Board member Michael Simonetta, who previously served as the district’s chief operating officer, raised concerns about several figures, including speculative amounts for state funding – Gov. Josh Shapiro’s budget is still up in the air – in addition to other revenue sources.

“I really have a problem being able to budget and approve and move forward on all this conjecture,” Simonetta said.

Several board members questioned how the current state of the district could impact plans for a new or renovated high school, which is estimated to cost over $200 million at minimum.

Piazza said administrators are continuing to pour over the budget to address small issues with funding and allocations, though it still appears an increase of at least 2.25% in the tax rate is possible.

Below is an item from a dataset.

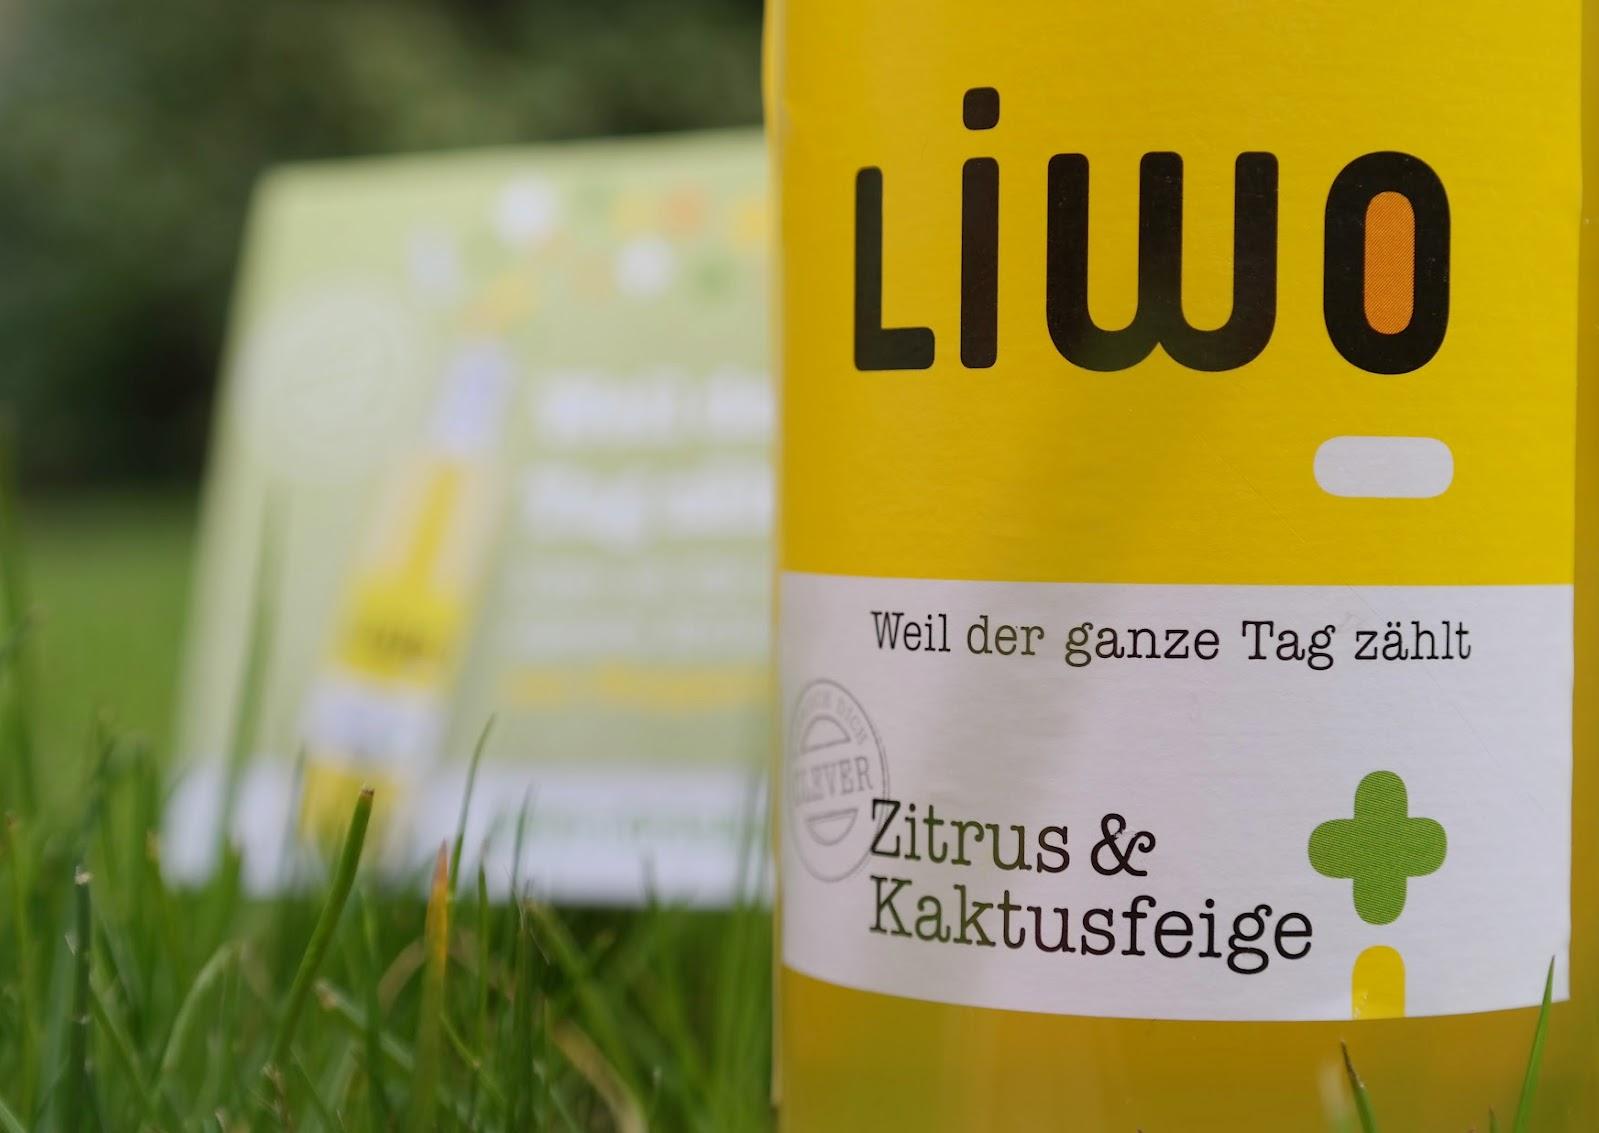 Die Energiewende: Für einen stabileren Energiehaushalt! Liwo aus Wuppertal

“The truth of the matter is, the board could choose anything from zero to 7.1% in this given year as the tax increase, and then that will reduce or increase the bottom-line number accordingly, without any other changes,” Piazza said.

“And obviously, our task is to find those other changes, but without any other changes that would be articulated based on that graph that [board member] Brian [Snyder] asked to see, when you look across to 0% or 1% for each municipality, that's what will affect that bottom line.”